Take careful note of the differences between the foregoing descriptions. This will be important later.
Enough spacedocking, let’s get this.
A: Well from the outset, the Cantillon has deeper amber hues, honey sap, and a deep golden color like toasted bread and frothy carb that leaves some lacing, but nothing over the top. The Trinity offering is also beautiful, admittedly. The golden straw color has intense carbonation that is soapy and almost hits those excessive levels. The appearance is more saison/grisette in appearance and seems to miss the depth of a standard goozie. In most cases, being TOO FUCKING RADIANT would not be a drawback, but it evidence that is lacks that massaged oxy realm that a traditional goysah exhibits. It looks too new, the plastic is still on the seats, no one has even been fingerbanged in the backseat yet.
WINNER: Trinity Goozie.
S: The Cantillon has a musky cheesiness in addition to the funk, brett, and lemony acidity. It doesn’t exhibit a lack of balance in any one area and pulls nuance for days letting the wet Jansport linger and dovetail with the tangerine and nectarine on the nose. The Trinity leans harder on a one dimensional lactic meets Brett L profile that in truth has more of a mineral/acidic aspect more in line with a Berliner/Gose than a goozie, but THEN AGAIN THEY DROPPED THE VERT GUEUEZE TERM SO MAYBE I NEED TO LEAVE THE ISSUE ALONE. But in reality this hits closer to the 7eventh Sun offerings or perhaps the simple citrus and acidity of normal Surette. To be clear, that’s a good thing in general, but in the realm of traditional Belgian blended lambics/goozies, it would be woefully inadequate. Some things cannot substitute the endless march of time. All things fall victim to the relentless march of sand.
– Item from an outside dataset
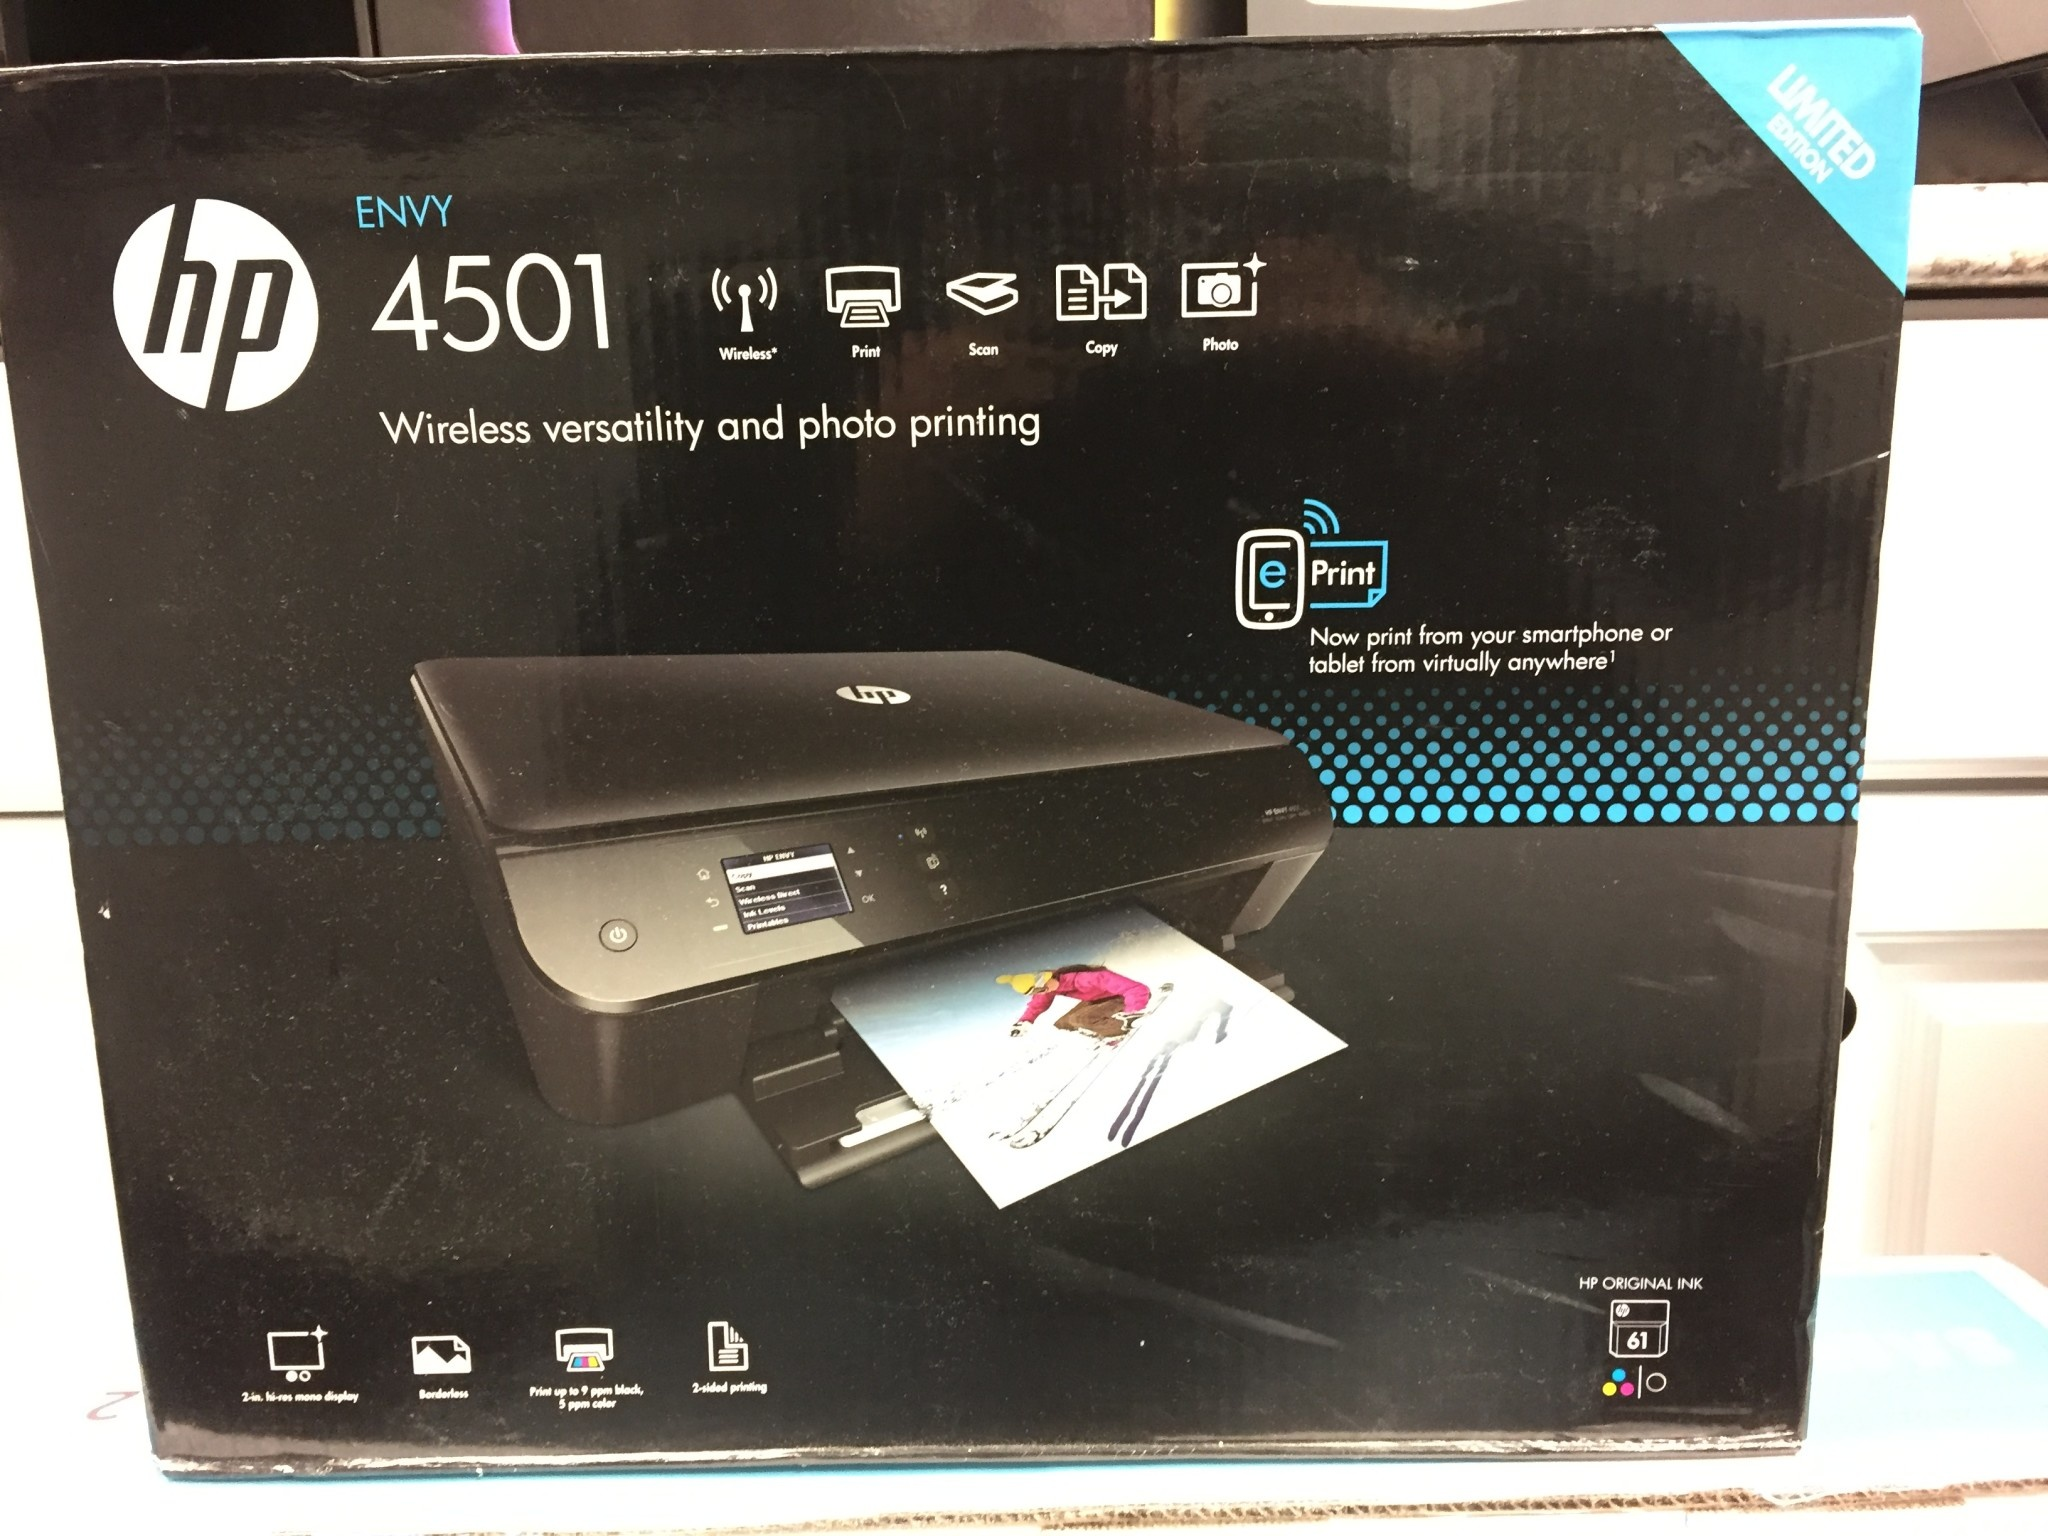 HP Envy 4501 e-All-in-One Inkjet Printer - C8D05A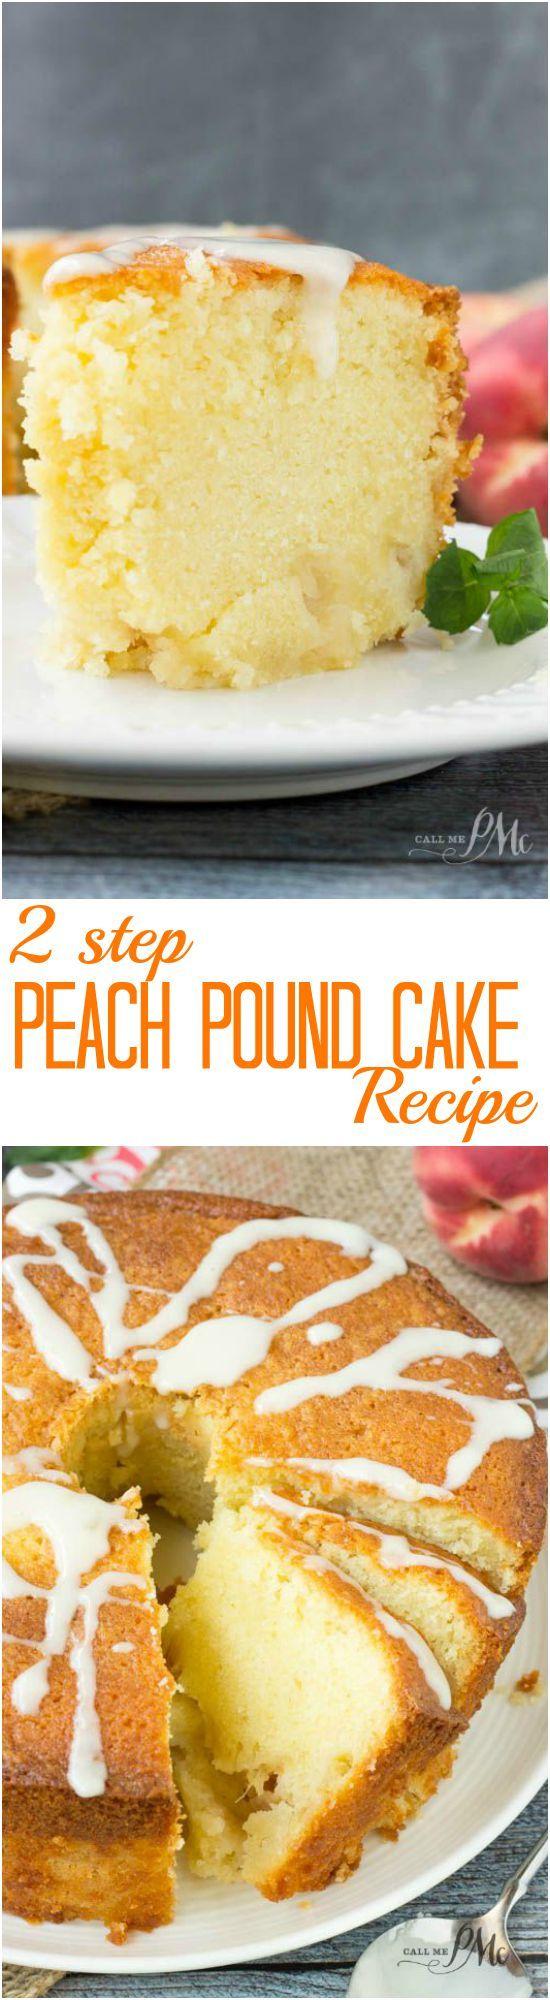 Two Step Fresh Peach Pound Cake Recipe Call Me Pmc Peach Pound Cakes Desserts Pound Cake Recipes

WINNER: Cantillon Gueueuezie.
T: The taste of the Cantillon lacks the intensely sour aspects of its competitor but comes across as more drinkable in a single serving format, if that makes sense, with the slight bitterness like a semi-soft cheese rind and grapefruit pith. The Trinity VERT GOOZIE is still a pretty refreshing and tasty beer but comes across like a Lotus Elise, a stripped down device relying hard on acidity and…that’s about it. You want an aluminum tub that gets you from A to B and impresses the uninitiated? Well Lotus/Trinity will drop them Forever XXI thongs. The Cantillon comes across more like a FJ Cruiser, that everyone will appreciate on some level either due to utility, nuance, historical lineage, and depth of application. I know the Land Rover community is twisting their dicks hard at the last comparison but ZEROFUXX.
Taste: Cantillon Goyzee
M: The Cantillon has a drying aspect and a creaminess to the mouthfeel that is distinctively Belgian in execution. Taking with one historical hand and providing with a new crispness, waxing and waning of Empires past soiling the fields with the nitrates of the future. The Trinity is far less subtle and proceeds to have you lay on the edge of the bed and mouthfucks you like an ASU undergrad. It is just too one dimensional in the acidity and lactic components to really have widespread military applications. If Upland and Trinity did a collabo it would be like holding one mirror up to another in an endless two-dimensional array of images each CASCADEing back upon another. To be clear, if the comparison wasn’t leverage, the Trinity offering is a PRETTY GOOD if labeled as a Berliner or a straight up wild ale. If this were 2010 and Brute were still the hottest bitch on the block, this would dominate. Tastes have evolved and the Trinity might have difficulty stirring up the more complex palate boners with St. Bretta sitting right there on the shelf.
Winner: Cantillon Goysea
D: I guess in a way, the simplicity of the Trinity makes it more appealing for longer sessions, but this is tamed by the acidity. You CAN listen to the entire discography of Pennywise or Too $hort, but fatigue will set in due to the lack of dimensions present. But for the same reason, I wouldn’t want to drink Cantillon backtobacktoback. I know somewhere there is a landlocked dipshit who just rubbed one out to the Etre inventory, but stay with me. If I am going to have a single 750ml, sure Cantillon all day. But if we are talking about playing Dark Souls and dying over and fucking over, taking deep frustrated pulls from the glass, the Trinity wins in that regard. Perhaps that is a return to the simple roots of the lambic fabrication before it became a hobbyist market with stretched nutsacks coveting bottles and cellaring action figure bottles ad infinitum. So in that regard, the Trinity offering perhaps is a return to the rustic Belgian roots, albeit unintentionally.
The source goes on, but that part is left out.